As a tenant that has received a notice to leave the property it can seem like the world has turned upside down. This is particularly true if the reason for the eviction is inaccurate or if you the landlord did not follow the correct process for eviction in Los Angeles and Long Beach.

The First Step

The first step of any tenant eviction in Los Angeles or in Long Beach starts when the landlord gives notice that he or she is requesting that you move out. In most cases if it is due to something that can be fixed, such as catching up on the rent, a specific timeline will be given to allow you to do this. It may be as little as three days, but during that time if you can correct the problem the eviction will cease.
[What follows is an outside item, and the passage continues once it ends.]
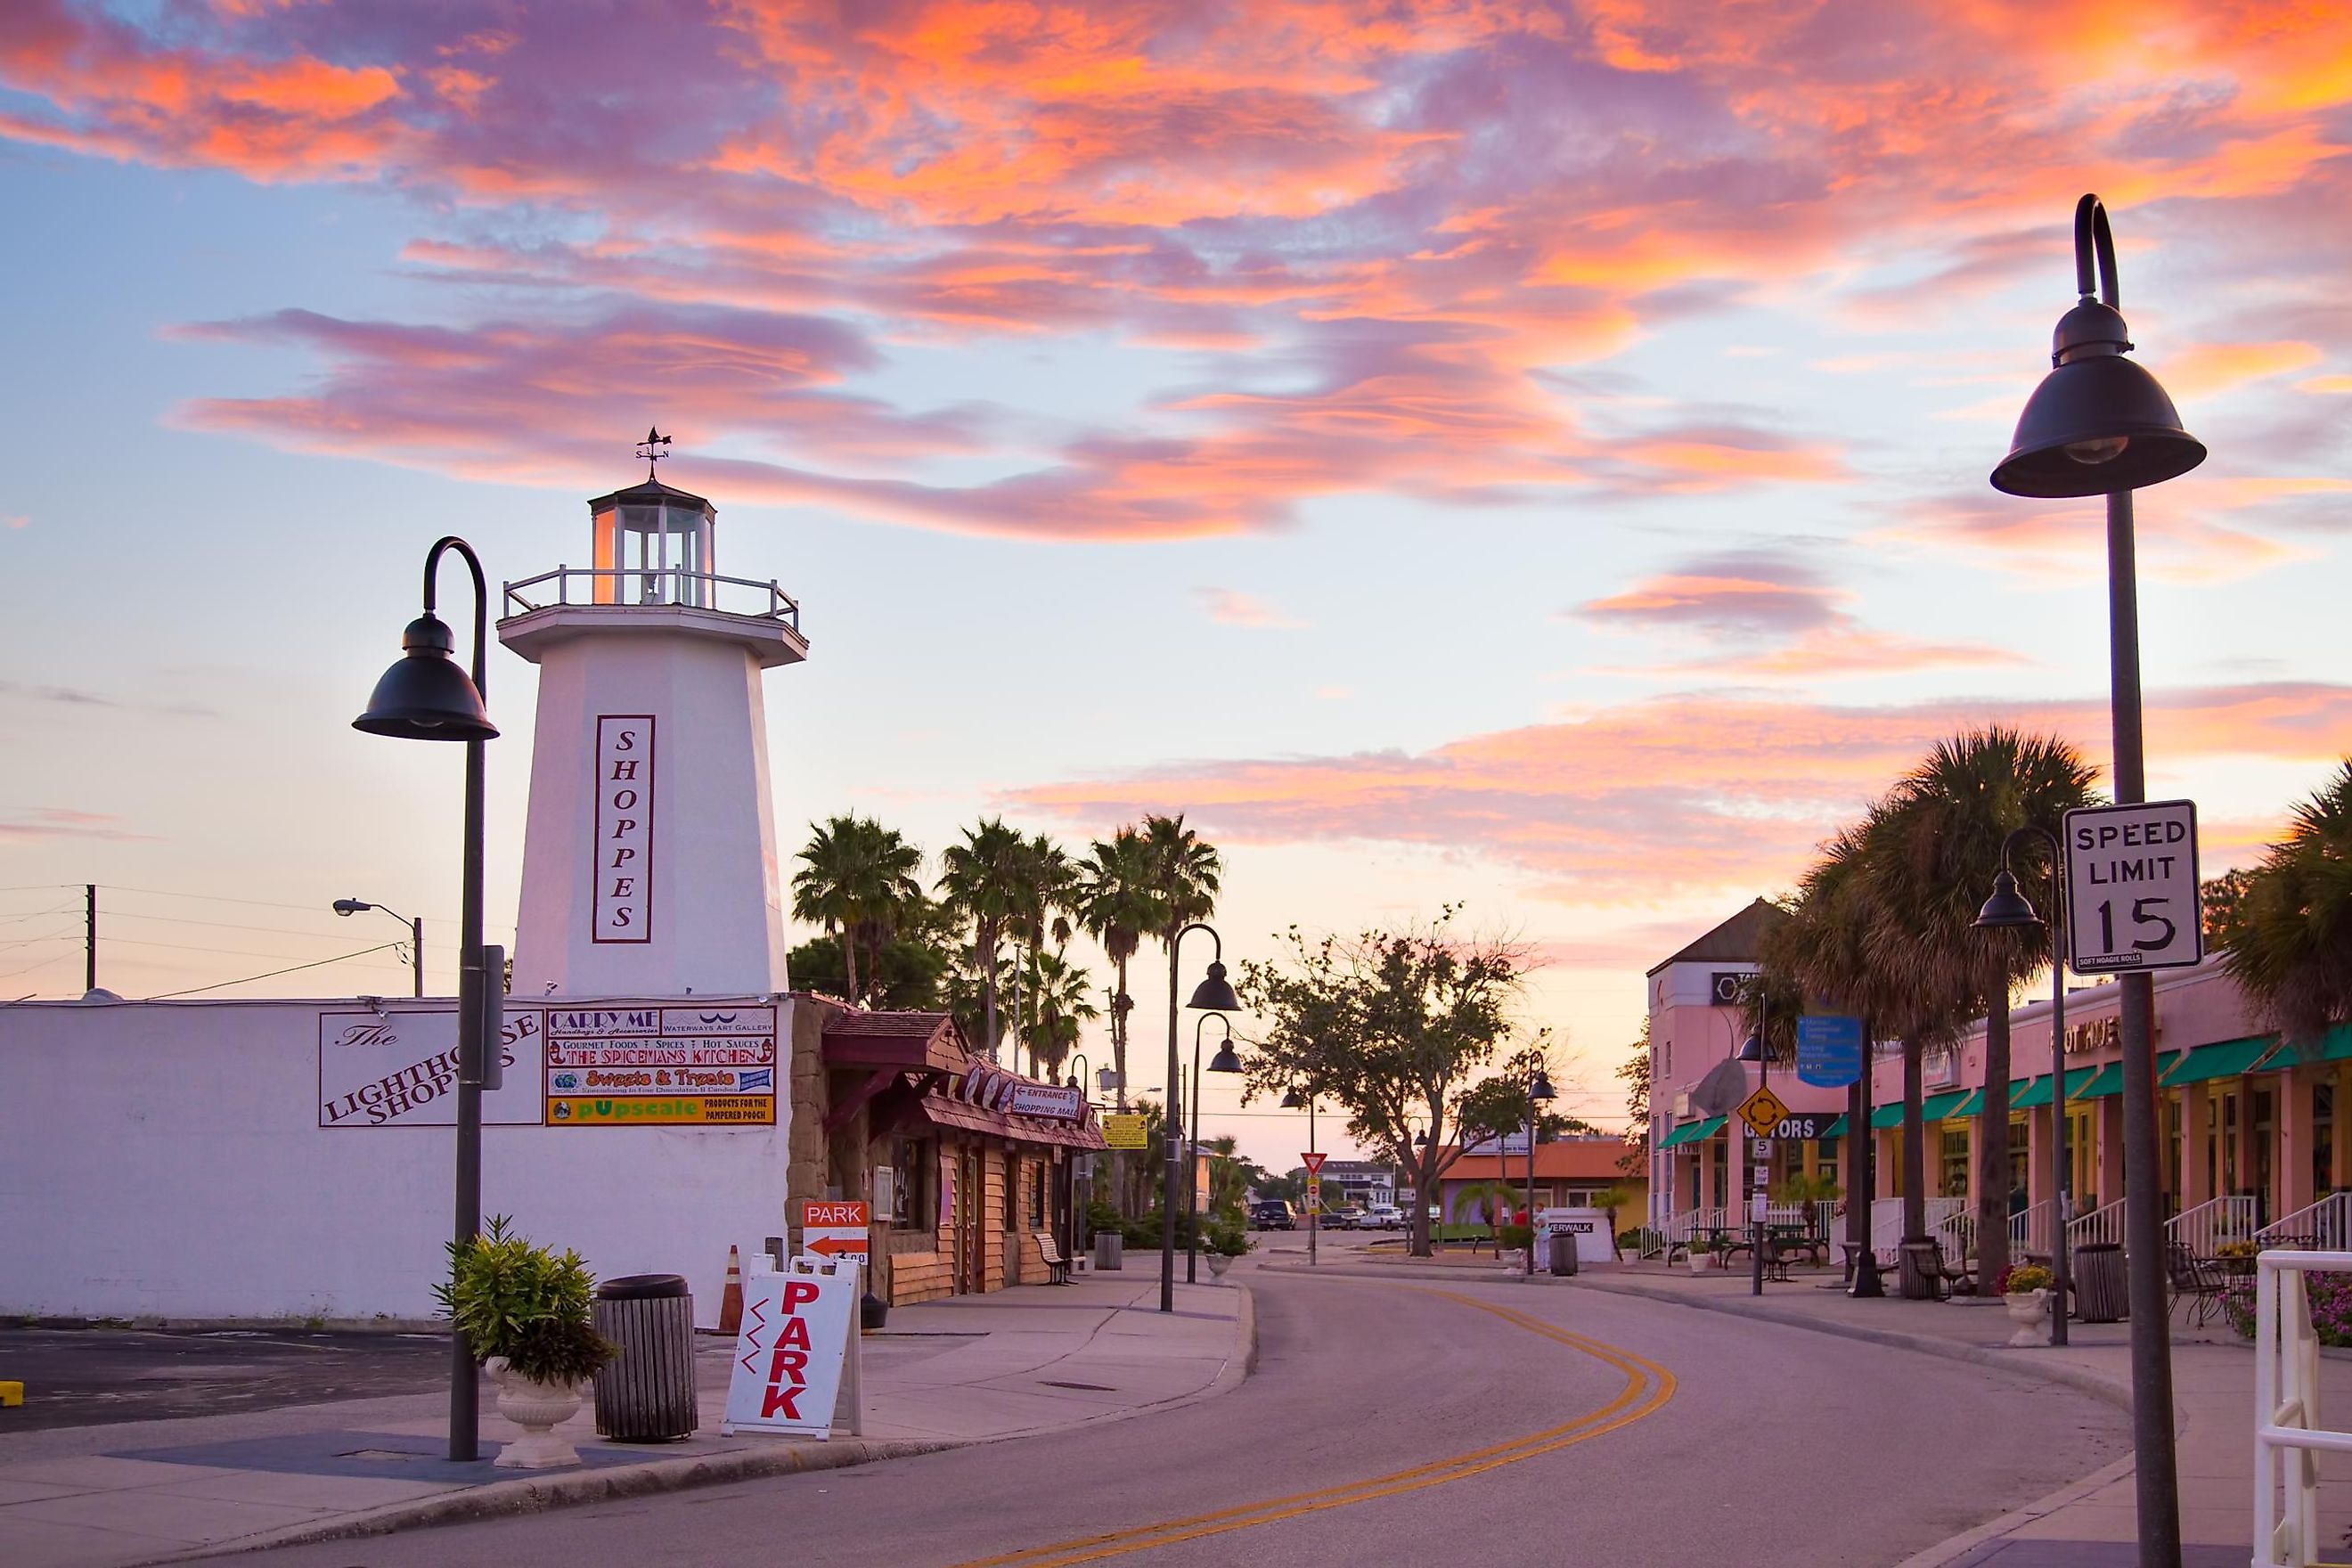 Tarpon Springs, Florida at sunset.

This type of notice is known as a 3-Day Notice to Pay Rent or Quit. This can only be for rent and cannot include other fees that may be behind in payment. There are very specific dates, times and information that has to be contained on this first step in the eviction process.

The second option for non-specialized types of property is the 3-Day Notice to Perform Covenants or Quit, which allows the tenant to have a chance to fix a problem such as damage or failing to keep the unit clean. The third option is a 3-Day Notice to Quit which typically means that it is not something that can be fixed and is a more serious issue.

Getting Served

If you fail to correct the problem, pay the rent or move out, the landlord will then file an Unlawful Detainer lawsuit with the court in Los Angeles or Long Beach. At this point in the eviction you will be served with the court paperwork. This can be done personally, by substitute service after trying to do it personally, or by posting and mailing if approved by the court.

If you choose to fight the eviction in Los Angeles or Long Beach you then have to file your response to the eviction with the court in 5 days. This must be done on the correct forms and it has to be completed accurately to be accepted by the court. Once this is done you will receive a notice to appear in court and have a judge hear your case or opt for a jury trial.